Dans un observatoire, dans un pays sans nom, se retrouvent deux jeunes gens qui y ont trouvé refuge autrefois, alors qu’ils étaient enfants. Il est astrophysicien et s’intéresse aux trous noirs, elle est archéologue et cherche à trouver le sarcophage des pleureuses enfoui sous la terre et qui va disparaître avec la mise en eau d’un barrage à cet endroit. L’un et l’autre cherchent à connaître l’histoire de leur origine ou à occulter ce qui est insupportable, un génocide.

Benoit Fortrye

La pièce est le fruit d’une collaboration. Le metteur en scène, Bruno Freyssinet l’a commandée à une jeune auteure franco-turque, Sedef Ecer, et a fait appel à un documentariste d’origine arménienne, Serge Avédikian. De leur travail émerge une grande fresque en trois temps mettant en scène trois générations, la première, celle de la tragédie du génocide, la seconde qui a préféré garder le silence sur l’histoire et la troisième qui cherche à reconstituer le passé pour trouver son identité. La pièce ne raconte pas l’histoire du génocide arménien, comme pourrait le laisser penser l’origine de deux des auteurs du projet. On pense à toutes les histoires, de la Turquie aux Balkans, de l’Espagne à l’Allemagne nazie ou à l’Algérie, tous ces pays où des atrocités ont été commises au nom de la pureté de la race. Dans tous ces pays les descendants, qu’ils soient fils de victimes ou de bourreaux portent le poids des atrocités du passé, qu’ils les connaissent ou pas.

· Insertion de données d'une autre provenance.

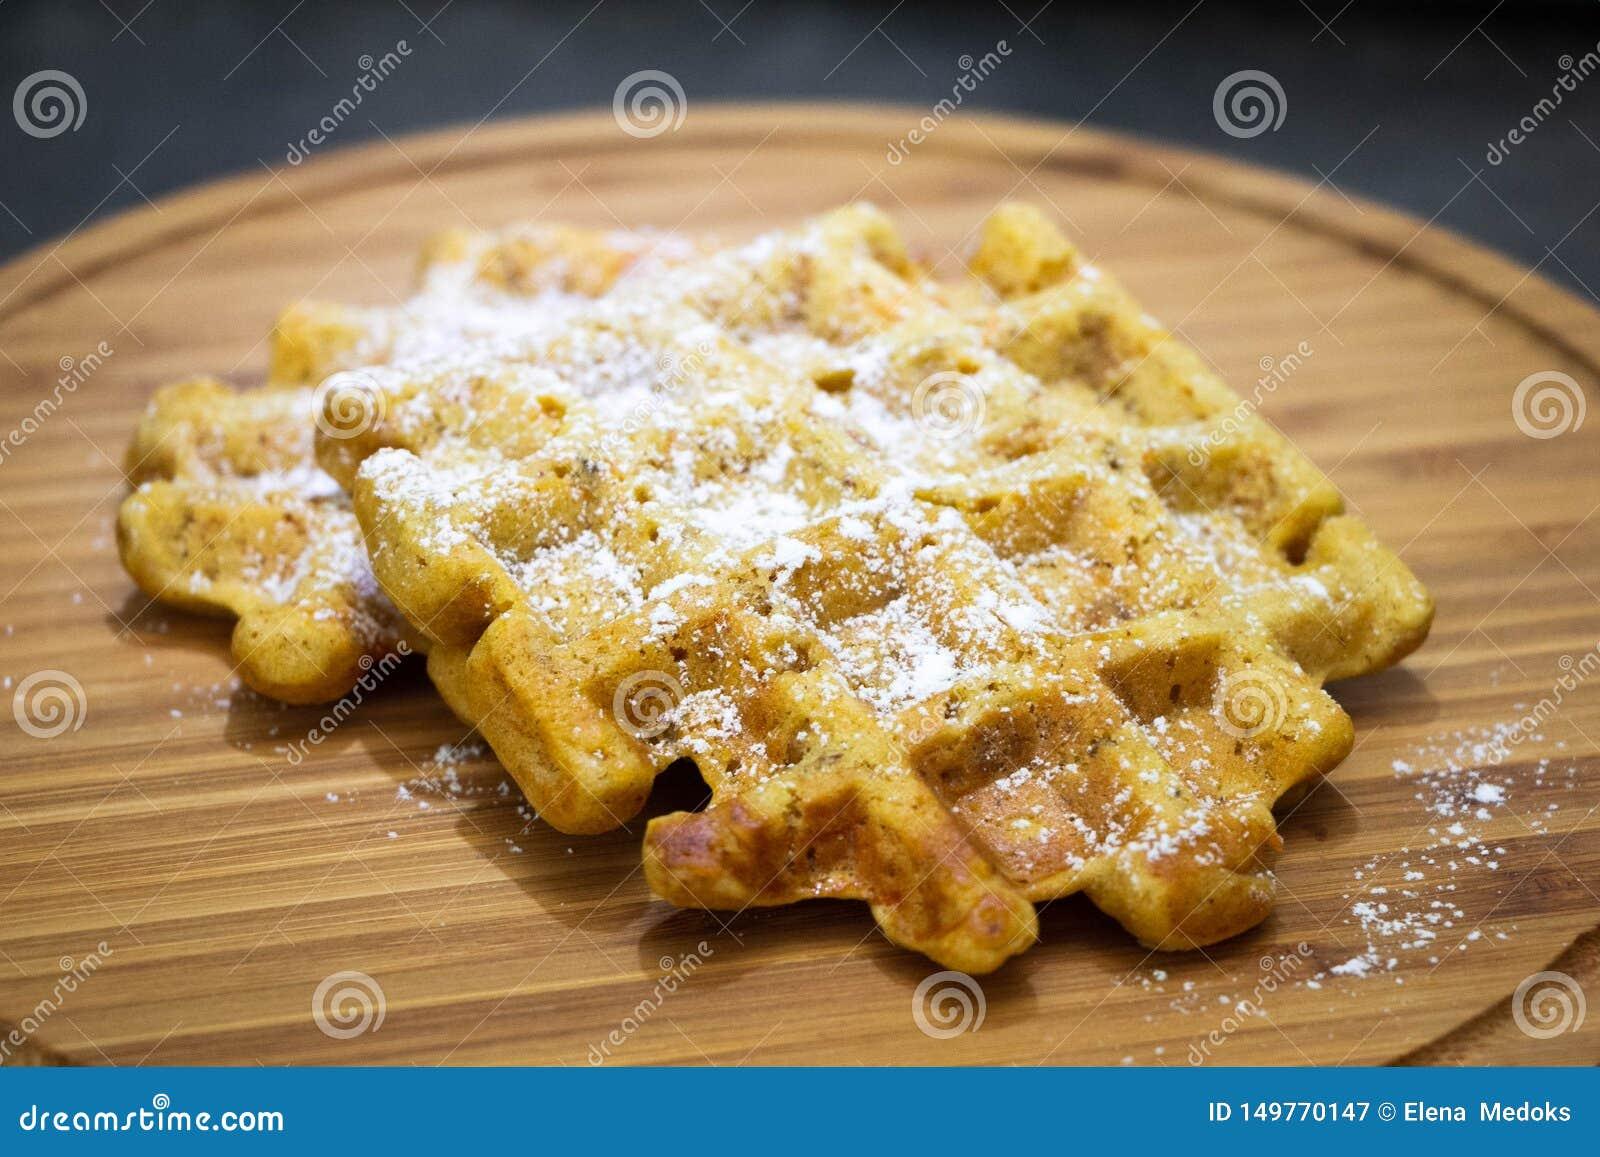 Karottenwaffeln mit Puderzucker auf einem hölzernes boardPerfect gesunden Frühstück
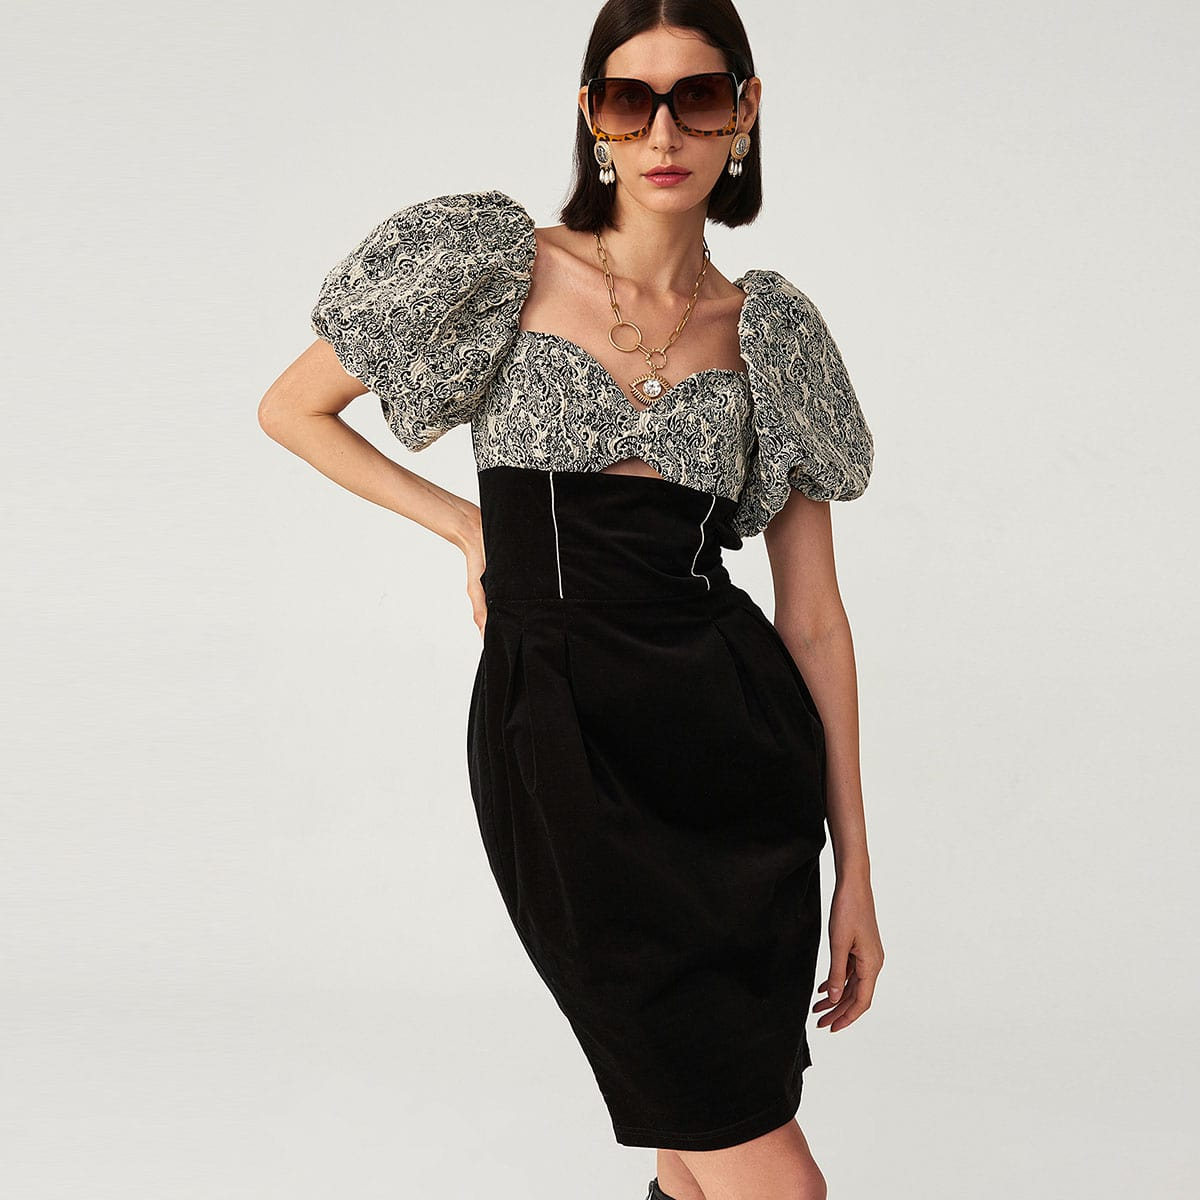 Жаккардовое платье с пышным рукавом

Le projet s’est ensuite étoffé avec des résidences de recherche et des ateliers avec de jeunes acteurs dans quatre pays, la Turquie, l’Arménie, l’Allemagne et la France. La pièce est donc jouée dans les quatre langues, évoquant une sorte de tour de Babel où les hommes ne parviennent pas à communiquer, mais soulignant aussi par la diversité des sonorités celle des cultures et obligeant le spectateur à développer son imagination et à s’attacher aux gestes, aux élans des acteurs. Pas de panique toutefois, un système de surtitrage permet au spectateur de suivre ce qui se dit ! Les huit acteurs interprètent une vingtaine de personnages et les surtitres nous entraînent d’une génération à l’autre. Le plateau est assez neutre, mais un très beau travail sur les lumières et la vidéo nous accompagne du monde de l’Observatoire et du cosmos au Palais de la Dictatrice, aux discours terriblement angoissants, qui se préoccupe beaucoup d’organiser la narration contrôlée de sa propre vie et que tout le monde craint.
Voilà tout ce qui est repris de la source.